É com extremo prazer que redescubro, mesmo a pequenos passos, o gozo da produção literária, que na verdade dever-se-ia chamar organização sistemática do complexo idealístico-lógico-prático personalizado. Devido à impropriedade deste conceito, prefiro entendê-lo como expressão do pensamento em processo, ainda não acabado, em expansão.

As buscas e as fontes fizeram-me perceber Sócrates sob outra ótica, mais próximo, mais presente, pois até o momento não tinha lido com tanto afinco os textos que versam a seu respeito. O fenômeno massificador que Sócrates causa em qualquer um que entre em contato com o “seu mundo” (que na verdade é daqueles que sobre ele escreveram) é impressionante, perdendo em seus efeitos e em sua grandeza apenas para poucos homens, dentre eles Jesus Cristo (o qual não só é o maiêuta como também é O gerador).
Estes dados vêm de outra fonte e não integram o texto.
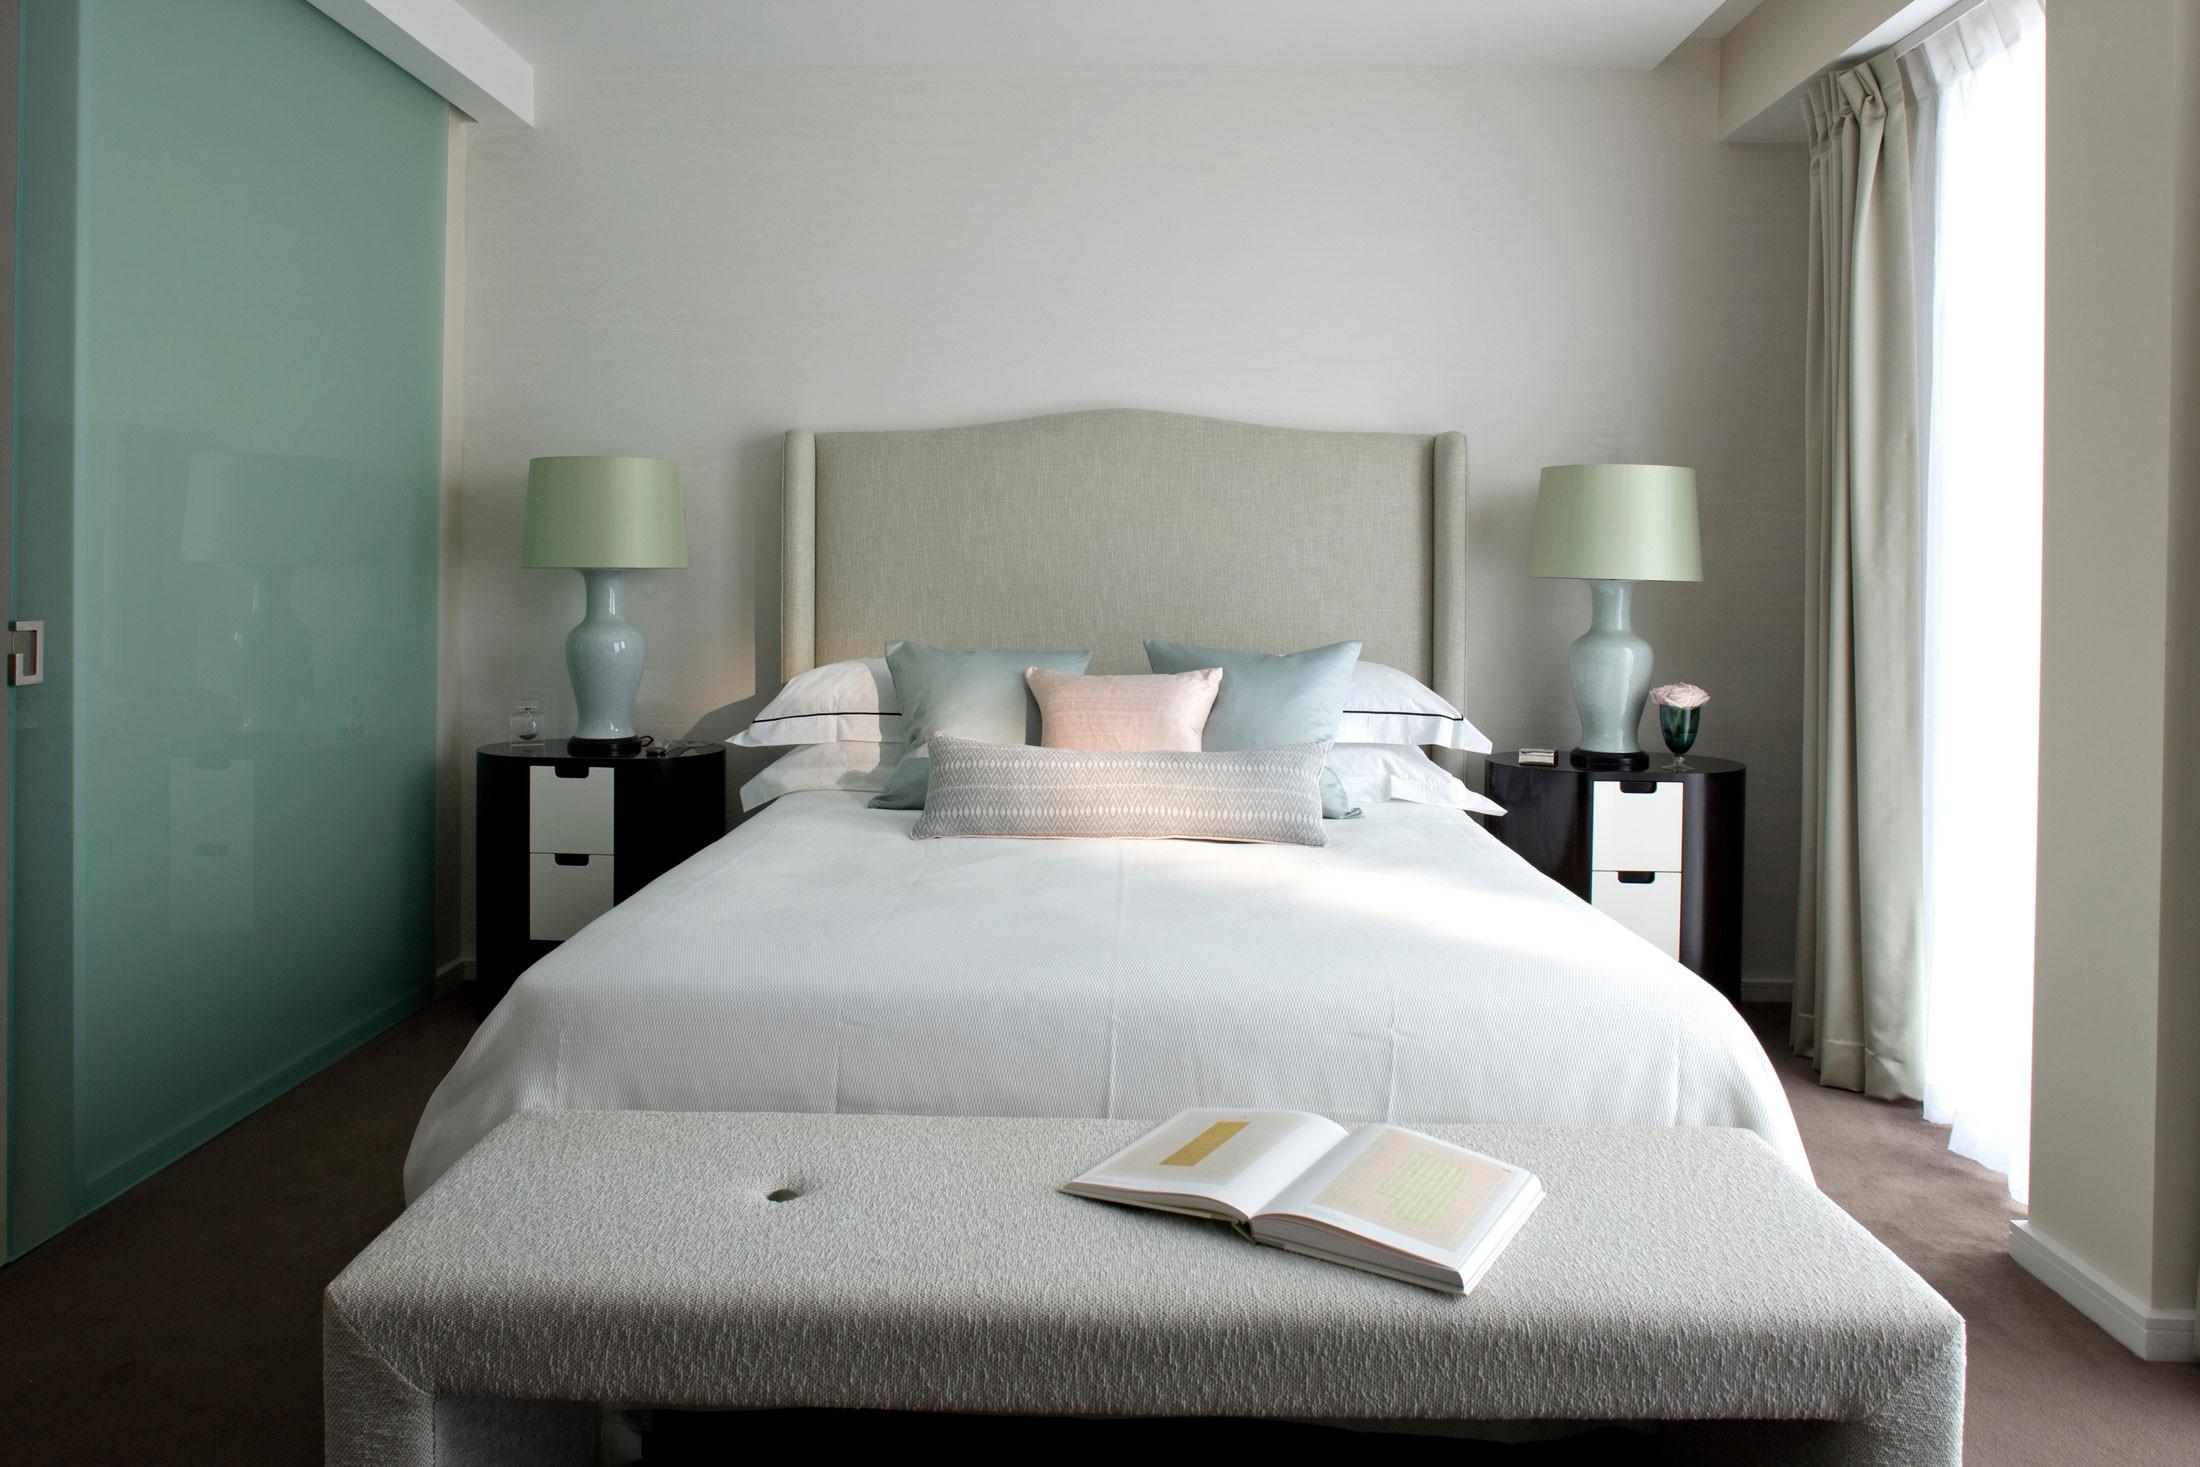 卧室墙壁是浅色的,很有创意的颜色,让人心情愉悦。

Apesar dos paradoxos que ele deixou bem evidentes entre sua filosofia e prática, sua clareza, força argumentativa, disposição em aprender, persistência na busca da verdade e da definição por excelência são as lições que julgo ter aprendido com as poucas leituras que fiz a seu respeito. Espero que o desenvolvimento e segmento dos textos socráticos possam amadurecer este pequeno trabalho; na verdade, estou ansioso para ler os textos de alguns colegas, o que muito contribuirá para o debate, diálogo e aprendizado em nosso município, mais especificamente os integrantes do NESSA. Fico grato a Deus que nos manifesta ensinos em muitas fontes extra-bíblicas. Agradeço a Deus pelo que aprendi de e com “Sócrates”.

 

REFERÊNCIAS 

DURANT, Will. A História da Filosofia. Tradução: Luiz Carlos do Nascimento Silva.São Paulo: Nova Cultural: 2000.

GHEDIN, Evandro. A Filosofia e o Filosofar. São Paulo: Uniletras, 2003.

HUISMAN, Denis. Sócrates. [Tradução de Nicolás Nyimi Campanário]. São Paulo: Edições Loyola, 2006.

MONDIN, Batista. Curso de Filosofia. Volume 1. [Tradução do italiano de Benôni Lemos; revisão de João Bosco Lavor Medeiros. 13ª Edição. São Paulo: Paulus, 2005.

__________. Introdução à Filosofia: Problemas, sistemas, autores, obras. [Tradução de J. Renard; revisão técnica de Danilo Morales; revisão literária de Luiz Antônio Miranda]. 15ª edição. São Paulo: Paulus: 2004.

PLATÃO. Apologia de Sócrates / Baquete (texto integral). Tradução: Jean Melville. São Paulo: Martin Claret, 2007.